Media Releases, Legislative News, Agricultural Updates
By Dave Carter
I understand a museum has opened to commemorate some of history’s worst inventions. The Edsel is prominently displayed in the lobby. I’m sure New Coke and Crystal Pepsi also occupy places of honor.
I just hope they save a spot for the 1996 Farm Bill.
The 1996 Farm Bill, you may recall, was passed by a Republican-controlled Congress concerned that decades of federal price supports and acreage reduction programs had sapped the vitality from American agriculture. The Freedom to Farm approach they enacted was intended to unshackle producers’ ability to thrive in the emerging competitive global marketplace.
Yeah, and New Coke was supposed to taste good, too.
Anyone who has drilled a kernel of wheat into the High Plains soil over the past five years knows that this farm bill has amounted to nothing less than an absolute disaster. Only a series of annual disaster appropriations from Congress have staved off a wholesale exodus from American agriculture.
As if the failure weren’t already obvious, the U.S. Department of Agriculture announced in January that 2001 farm incomes would drop another 10 percent without another round of federal assistance. So, what will the Congress do this year? Freedom to Farm does not officially expire until next year, but the House Agriculture Committee is convening hearings on the farm bill in early February. Debate is raging among committee members concerning whether those hearings will result in new legislation this year, or whether they are a warm-up for the real debate in 2002.

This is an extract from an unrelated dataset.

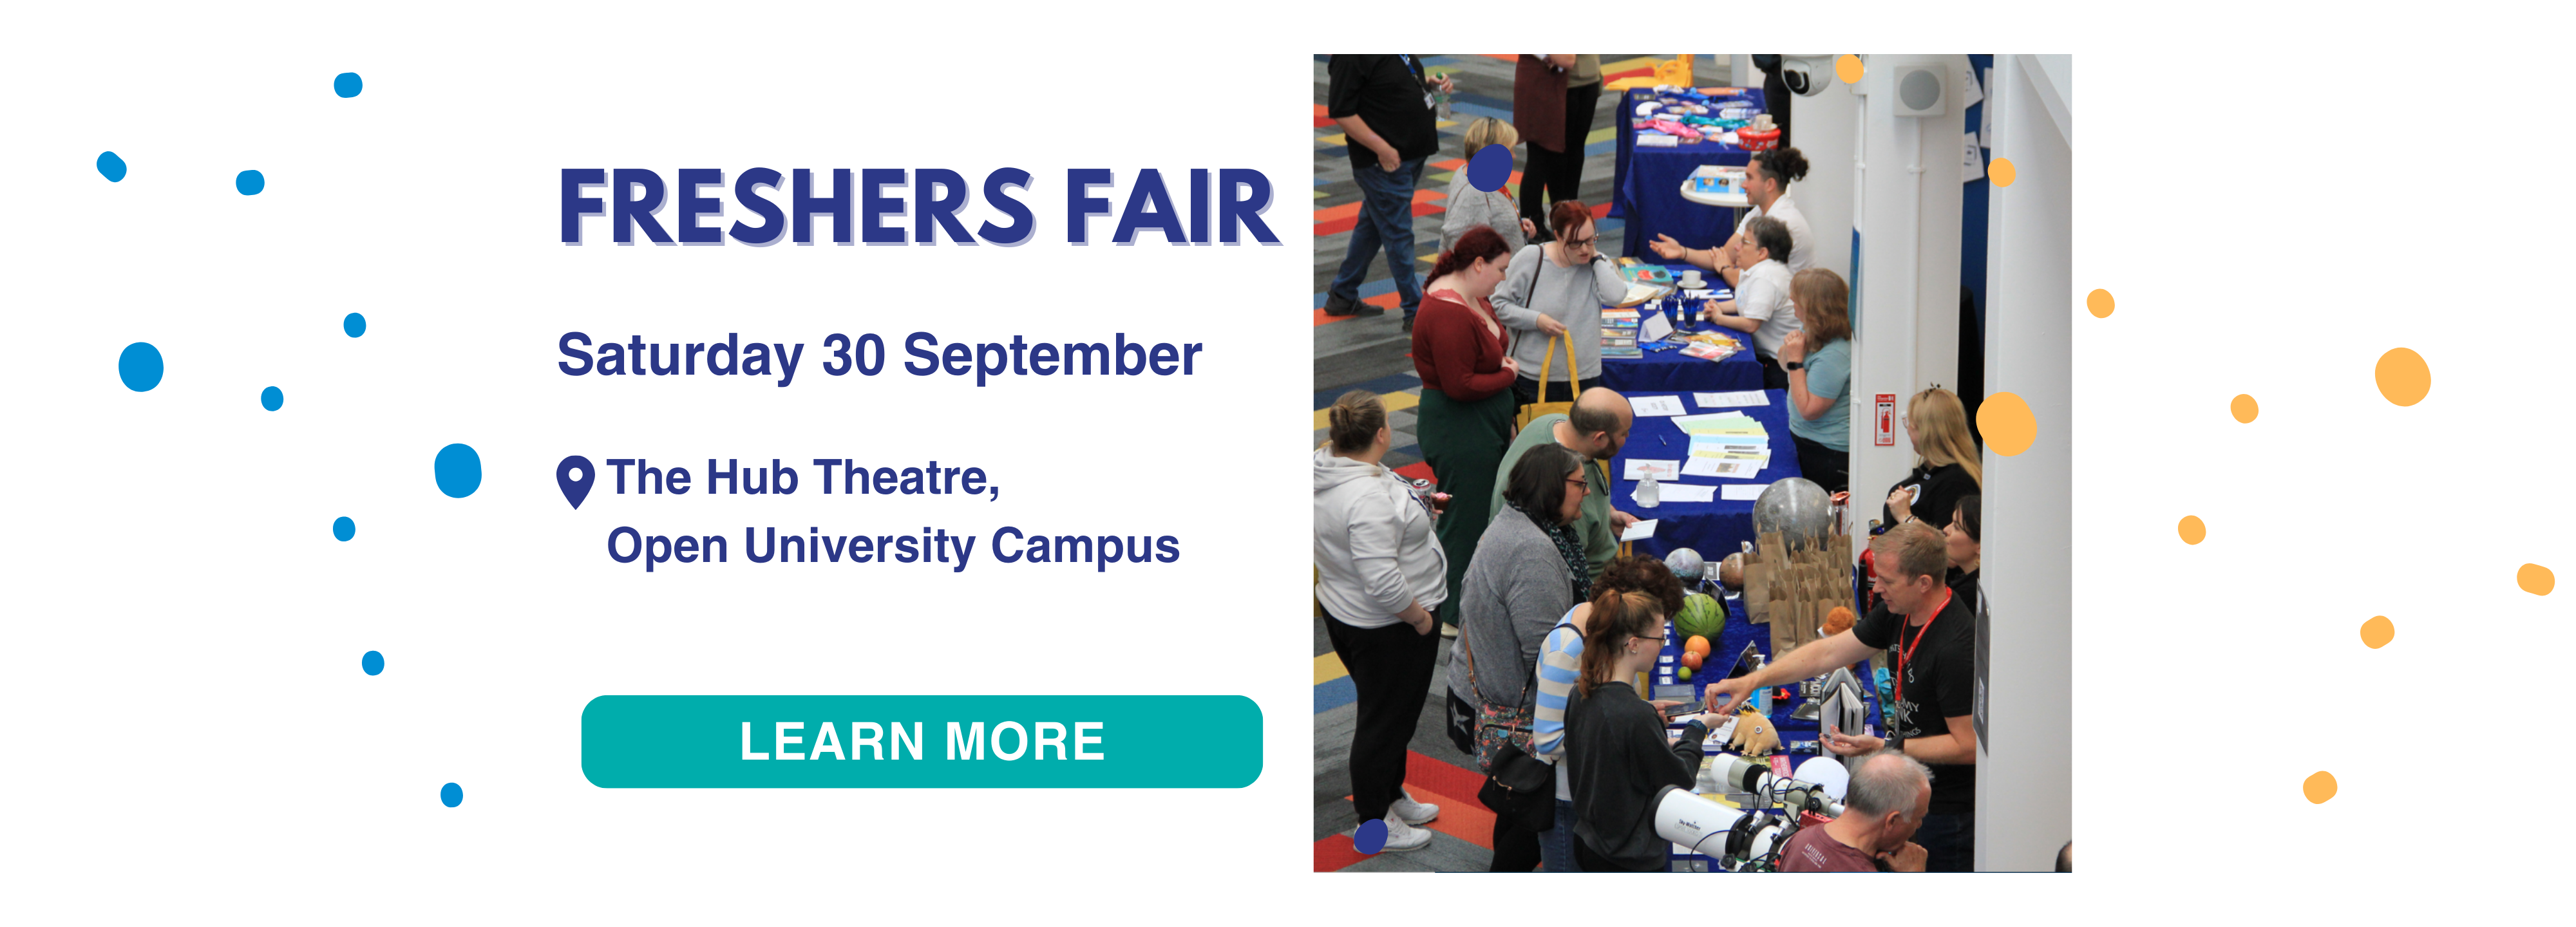 Image reads: Freshers Fair, Saturday 30 September, The Hub Theatre, Open University Campus. Click to learn more.

Though nearly every member of the Agriculture Committee acknowledges Freedom to Farm’s failings, some who helped draft the bill five years ago are reluctant to bury it before it expires. C’mon folks, even though Henry Ford named the Edsel after his son, he didn’t hesitate to pull the plug when the car bombed in the marketplace.
Just as interesting as the congressional debate is the discussion raging among agricultural organizations. One large organization just completed its national convention with a policy advocating that the next farm bill should direct the bulk of financial support to the nation’s handful of largest operations. Wait a minute…aren’t these the operations that are supposed to be the most efficient? Why, then, do only the large farms deserve to enjoy a federal safety net?
Some commodity groups, meanwhile, continue to cling to the belief that unfettered free trade policies are the financial salvation for American agriculture. Those groups haven’t shared with the rest of us how American farmers and ranchers can prosper in a marketplace where we compete with countries that exploit human labor, ignore environmental concerns, and only loosely monitor health and safety regulations.
Policymakers sitting down to draft the next farm bill need to recognize that urban consumers, rural communities, and the nation’s agricultural producers will be best served by a policy that fosters stability rather than volatility. The next farm policy needs to help producers bring the annual output of crops and livestock into line with actual demand. If maintaining a food reserve is in the best interest of this nation, then the farm bill should subsidize that cost.
If protecting soil and water resources are an important national goal, then federal farm policy should provide the financial incentives to compensate producers through a multi-year set-aside. If an agricultural system composed of many diversified agricultural operations best stimulates the rural economy, then the new farm bill should appropriately target benefits to the first units of production from any operation.
And, if government policymakers truly want farmers to compete in the new marketplace, the next farm bill needs to target significant resources to help producers organize new cooperatives and other types of locally based value-added businesses.
Congress can get it right. After all, the same company that hatched the Edsel also gave us the Mustang a decade later.